* TASK
Below are lines of records; copy exactly those from the one containing "b3604b7af187 Monki contrast" through the one containing "walmart clothes prices", leaving the pictures behind.

* DATA IN THIS EXERCISE
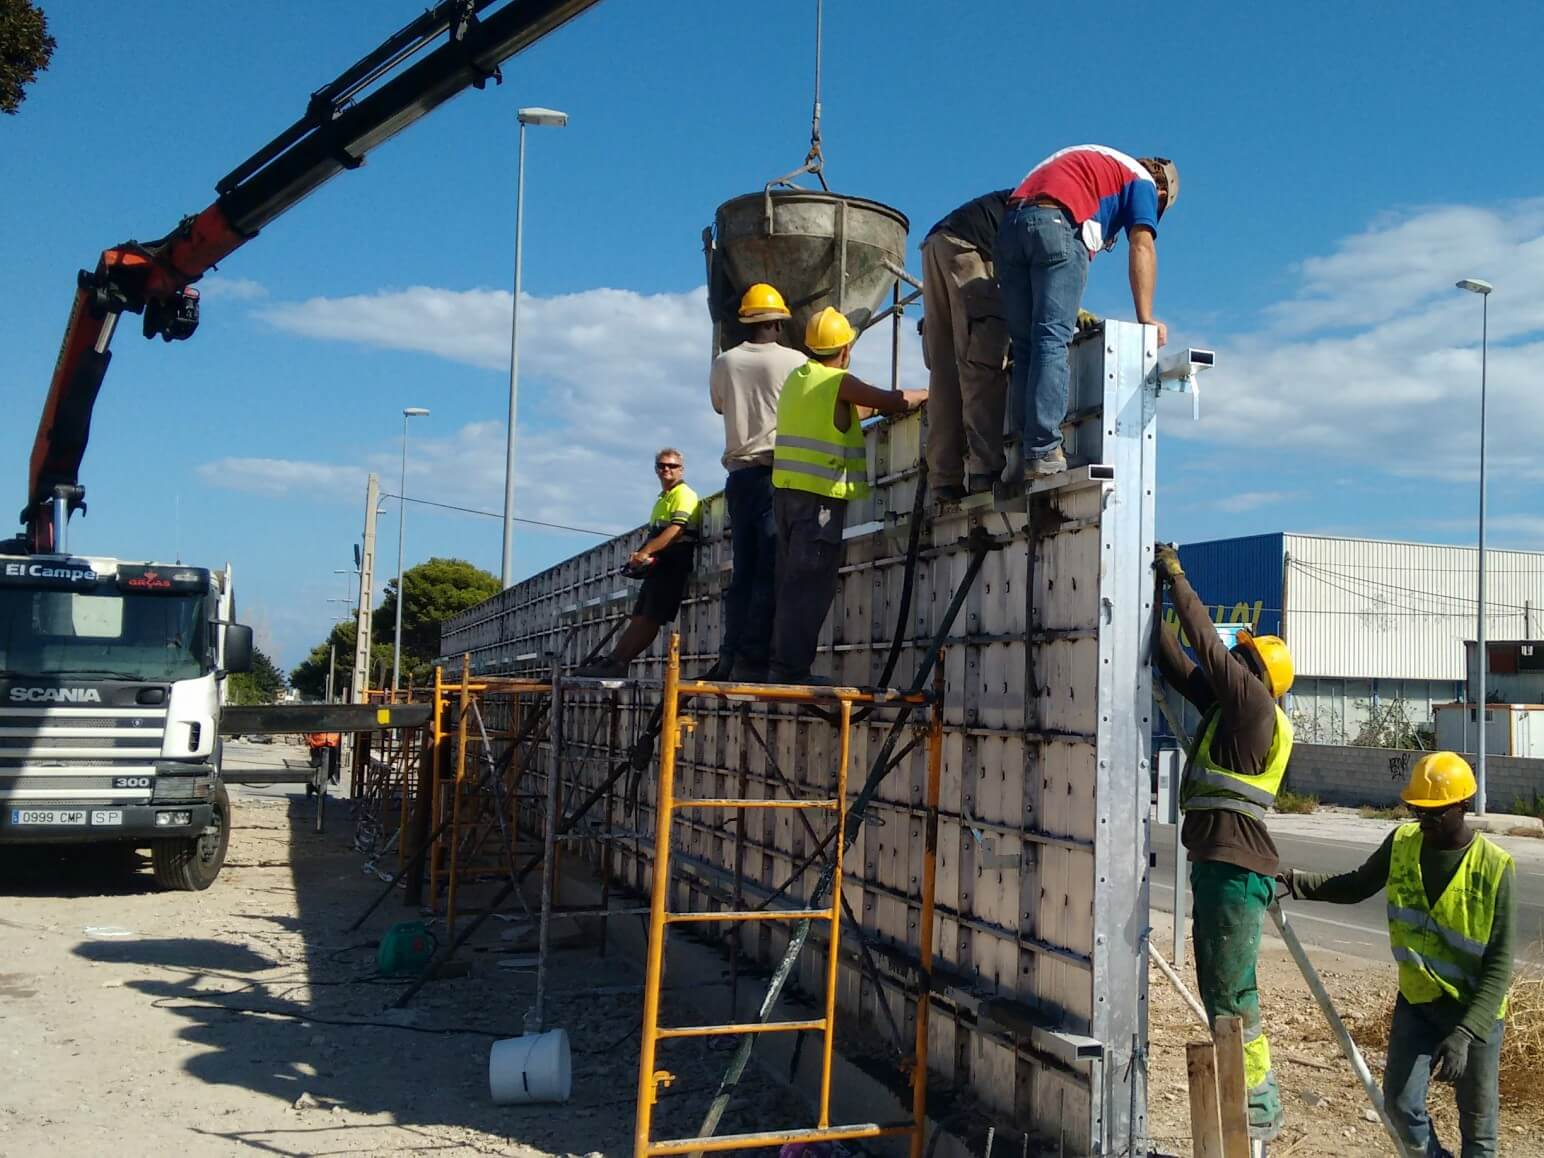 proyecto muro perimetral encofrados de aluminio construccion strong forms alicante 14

...

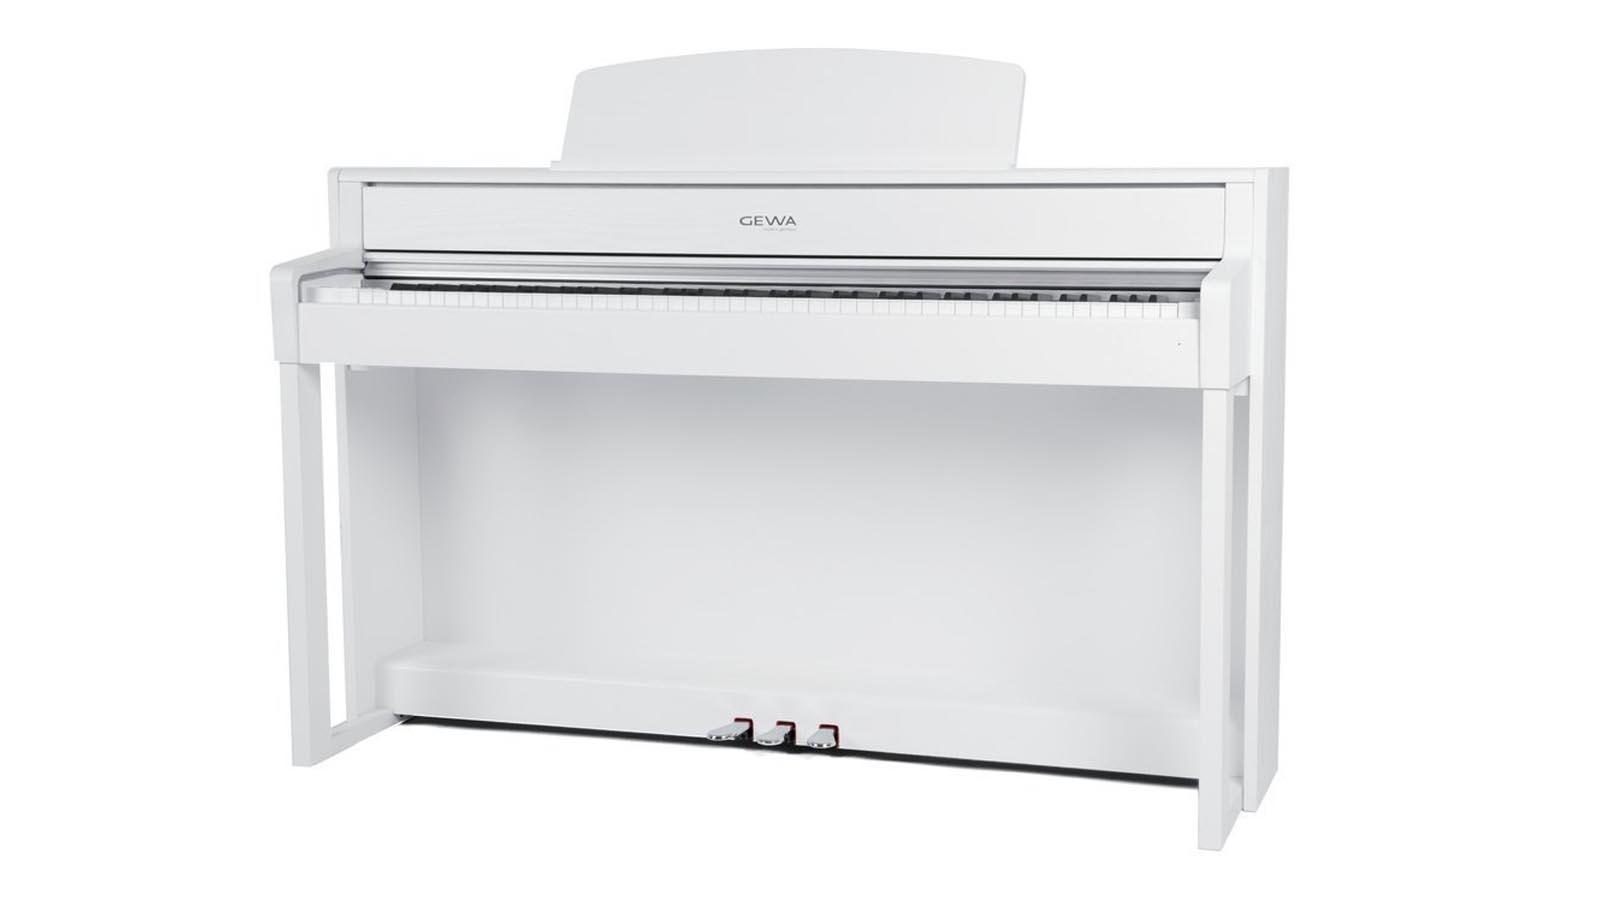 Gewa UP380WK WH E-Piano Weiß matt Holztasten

==

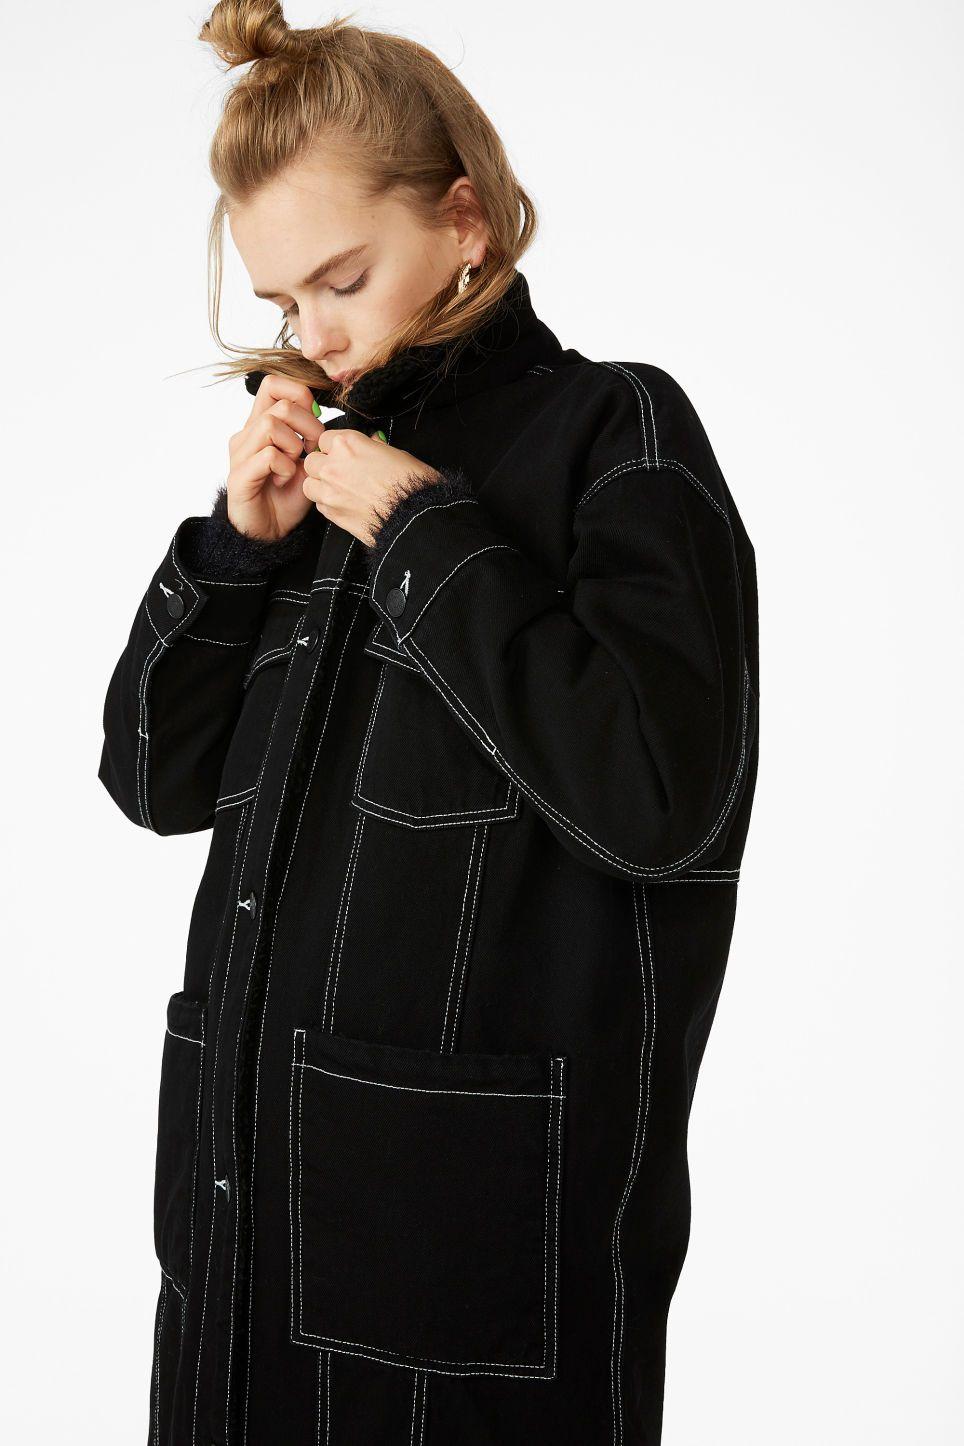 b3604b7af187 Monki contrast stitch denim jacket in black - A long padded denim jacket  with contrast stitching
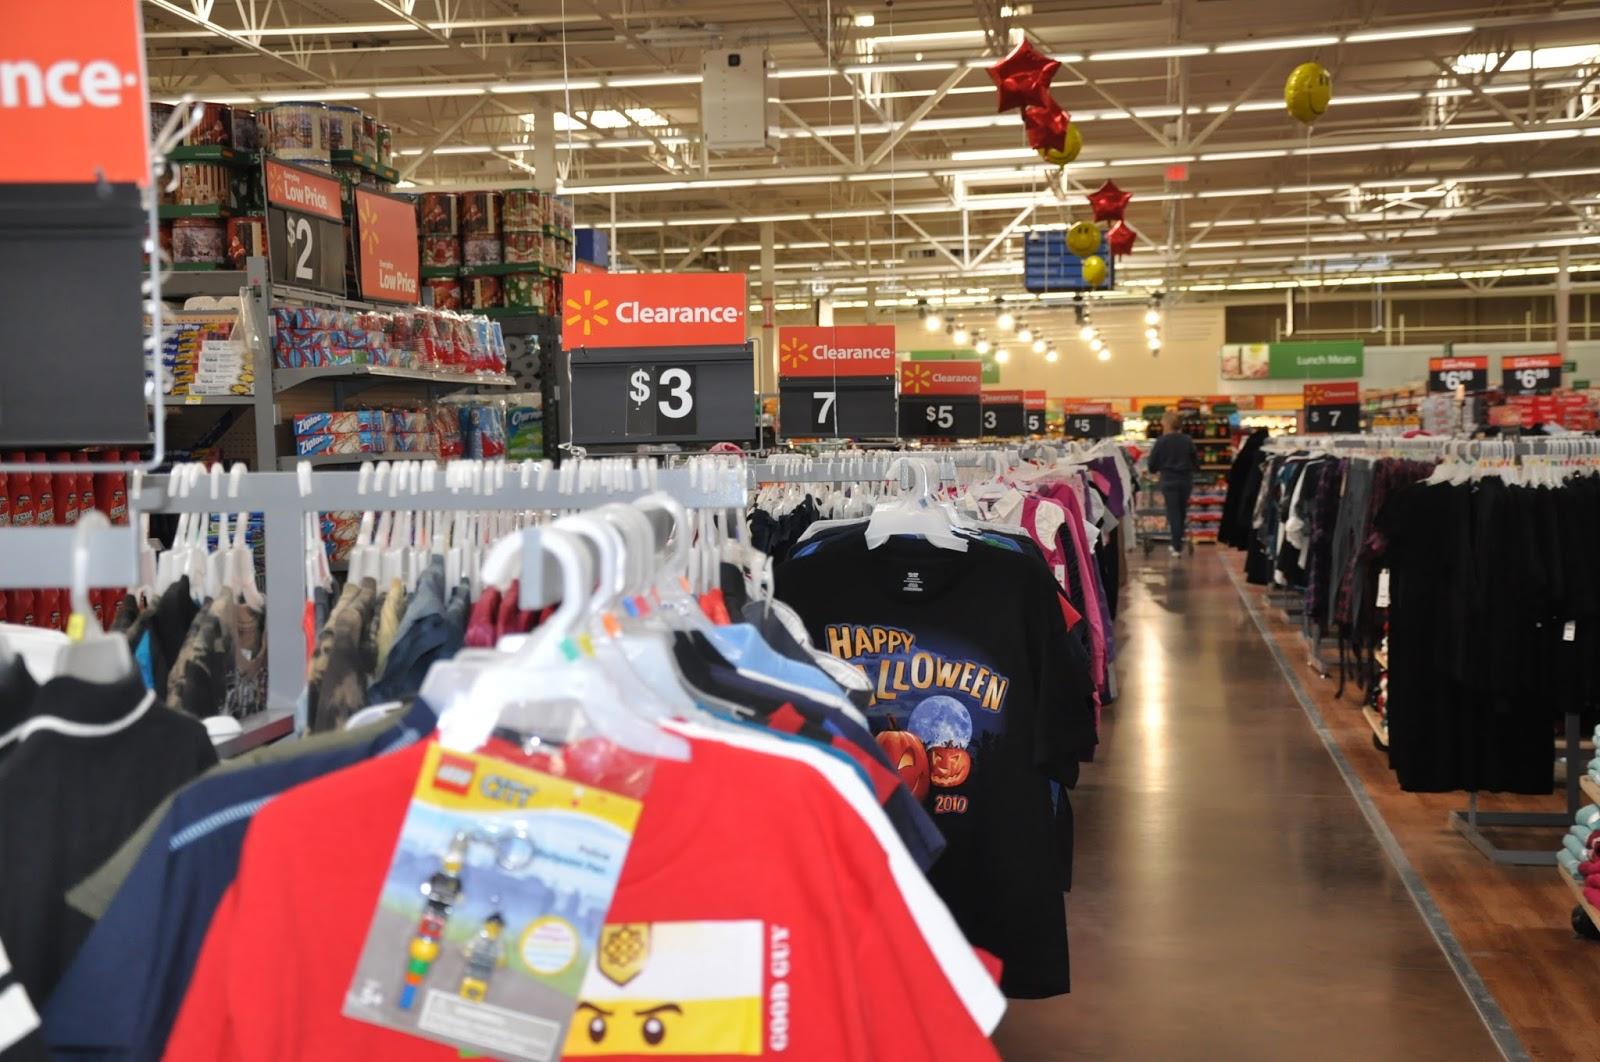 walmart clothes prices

* WRITTEN RESPONSE
 b3604b7af187 Monki contrast stitch denim jacket in black - A long padded denim jacket  with contrast stitching
 walmart clothes prices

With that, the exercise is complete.